The spill-proof keyboard is well laid-out and keys are quite decent-sized, but key travel is very shallow, On the plus side the keyboard is backlit. All but the dual function keys, that is, which means the volume control is difficult to locate in dim light.
The Portege Z830′s multitouch touchpad is fair-sized too, with good glide and discrete mouse keys rather than a clickpad solution.
Toshiba have provided a good selection of ports on the Z830; yes there’s an Ethernet socket, missing on some ultrabooks. There’s also a USB-3 port and two USB-2 ports, with the rear USB socket offering sleep-and-charge functionality. An SD card slot is included, and a VGA socket for connecting with old-style monitors.

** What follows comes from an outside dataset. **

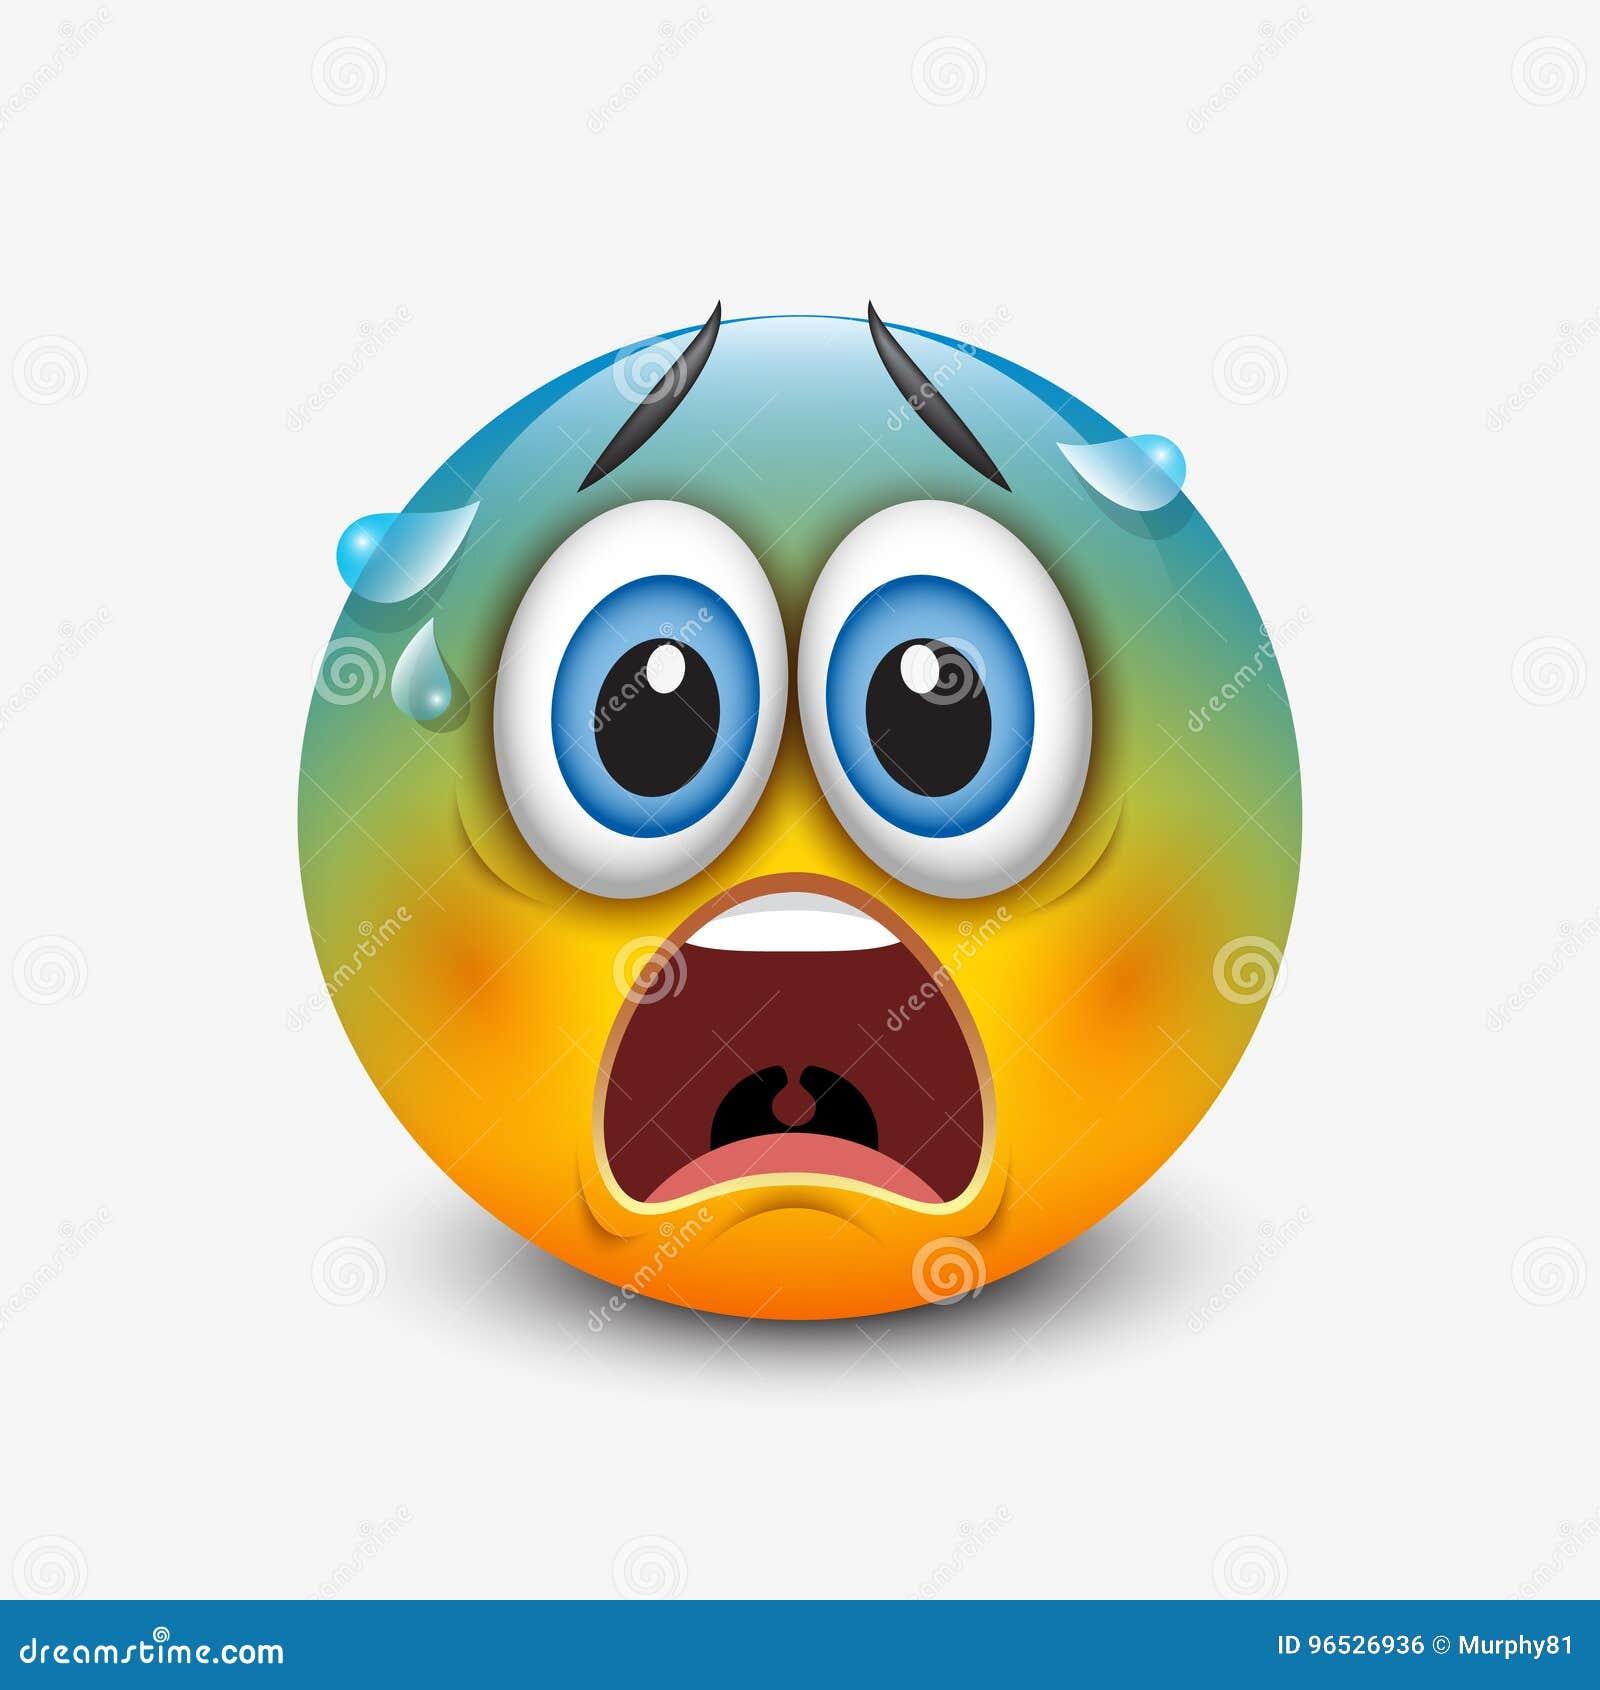 doen schrikken emoticon  emoji  smiley vectorillustratie emotion clipart black and white emotional clip art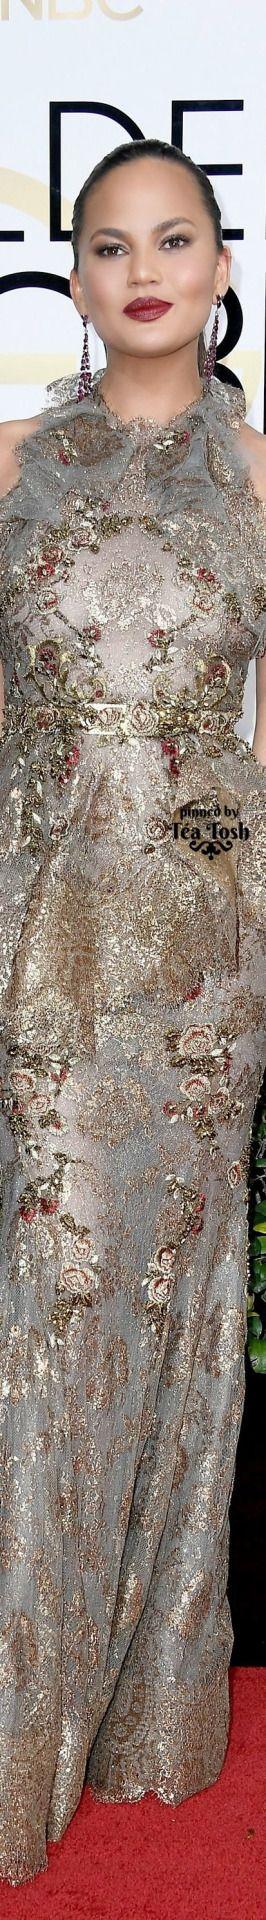 ❇Téa Tosh❇ Chrissy Teigen, wearing a Marchesa dress with Stuart Weitzman shoes and Lorraine Schwartz jewels.

For non-LAN internet connectivity the Z830 offers a top-end Centrino 6230 WLAN card with integrated Bluetooth. It’s worth mentioning the Portege Z830′s single RAM slot, since the 4GB RAM provided consists of 2GB ‘soldered’ or onboard RAMand one slot, which ships with a 2GB stick inserted, but which can be expanded to a 4GB stick, giving a potent 6GB in total. For storage the Z830 features a 128GB SSD rather than the 256GB found on the i5 models.
The stereo speakers supply excellent audio, although maximum volume certainly won’t burst any eardrums.
Performancewise the Core i5 Z835 offers around 21% more computational power in benchmarks, which is not to say the Z830 lacks in anything other than gaming. Yet thanks to the pacy SSD, overall system performance is on a par with mid-range spinning-disk notebooks bearing i5-2410M CPUs, which is sufficient for anything but heavy video editing or playing the latest games – but at least Fifa 12 and Dirt 3 are playable at low resolutions. World of Warcraft is handled easily for anyone looking for quality gaming during dull moments at the office.
In terms of battery life, five hours of moderate usage should be enough for most people; if not, the adaptor is neither bulky nor heavy.
All in all, the Portege Z830 ultrabook offers better battery life than its more expensive i5 siblings. However, putting aside the mediocre display, we strongly advise a hands-on demo before buying – that key drop really is shallow. This isn’t a machine for marathon keyboard sessions.